The MCC Board held its first meeting in September 1987 and met quarterly thereafter until Spring 2020, with one more Board meeting in Spring 2021.  MCC students form the third pillar of leadership. There is important work to be done to rebuild the MCC as an autonomous space in support of student activism through mutually supportive relationships among its student users and in collaboration with faculty, staff and broader communities. 

Point # 4: The MCC, through much of its history, has been a space of connection and collectivity, and also promoted an ongoing process of self-reflection and change. Many students expressed that the MCC was one of the few places on campus where they felt supported and, more so, could express themselves and work towards transformative justice. At its core, the MCC rests on principles of intersectionality, reflecting the student charge in 1995 for the MCC to be a space where communities come together through mutuality and across differences. The center also respects the need for communities to gather separately. The MCC was built on a history that affirmed both joint struggle and autonomous spaces, recognizing that all things are interconnected. 

There are groups that feel the MCC has not adequately addressed their issues and these concerns need to be taken seriously as the MCC rebuilds. For many years, there has been intense pressure brought against the MCC, often by external actors, on the few occasions when the center hosted Palestine-centered events. The result has been a longstanding implicit, and sometimes explicit, censorship of Palestine within the MCC. There needs to be clarity within the MCC’s mission on the place of decoloniality, inclusive of Palestine.  
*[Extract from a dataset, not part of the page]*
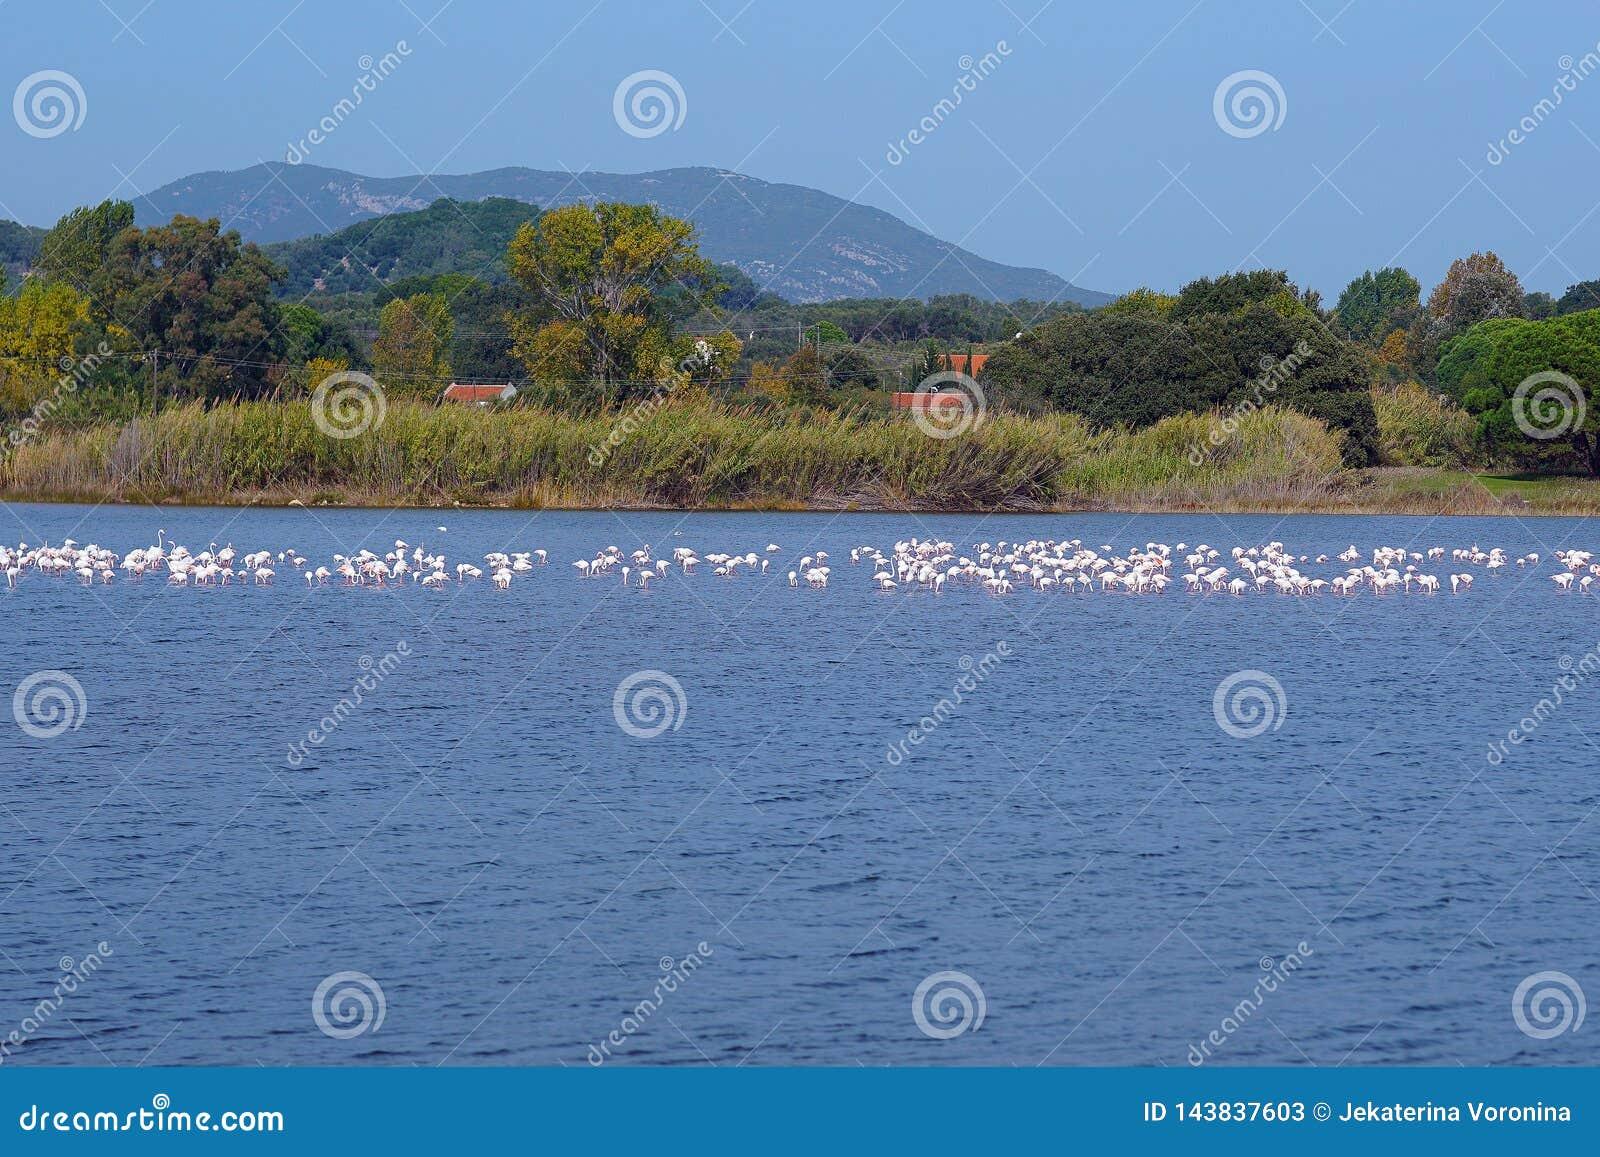 O lago Korission é um ecossistema muito importante de Corfu, onde muitas aves migratórias como flamingos cor-de-rosa param
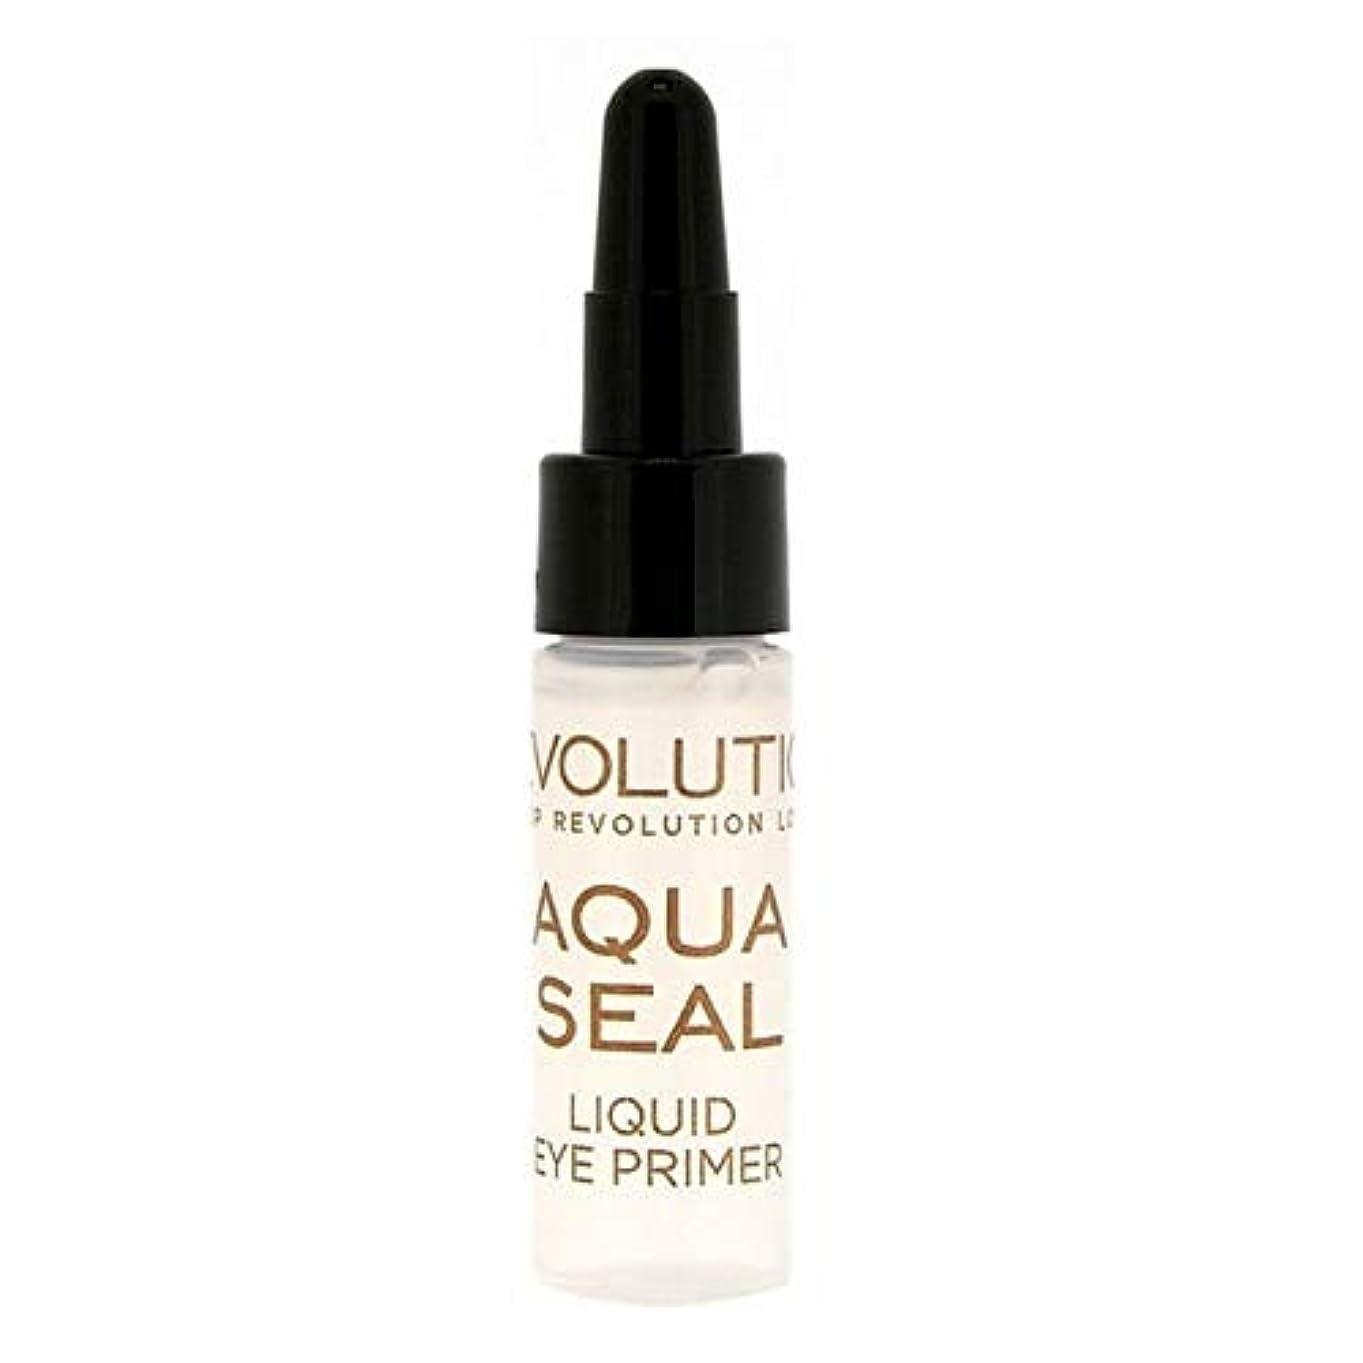 ミュウミュウアジア人始まり[Revolution ] 革命液体アクアシールアイシャドウプライマー9グラム - Revolution Liquid Aqua Seal Eyeshadow Primer 9g [並行輸入品]

Point #5: The MCC resides in a place of tension between the mandate for liberatory practices and visions and the constraints of the university. There need to be safeguards in place to resist the erosion of the MCC’s autonomy as well as to encourage critical reflection and refinement. Even at the time of its founding, the decision to name the place “multicultural” was a compromise. Then and more so today, there are critiques of the term for promoting a superficial focus on culture, diminishing analyses of power and institutional racism, and being co-opted by institutions. Would a different name reflect the actual work and hopes for a re-imagined MCC that creates space for the critical discussions, creative expression, incisive learning, and activist co-construction needed in today’s world?  

How will we develop a process, vision, and goals for reimagining and rebuilding the MCC in service to love and liberation?

Note: The authors are members of the last MCC Board or former Board members.

A version of this article appeared on p. 1 of the March 7, 2024 print edition of the Daily Nexus.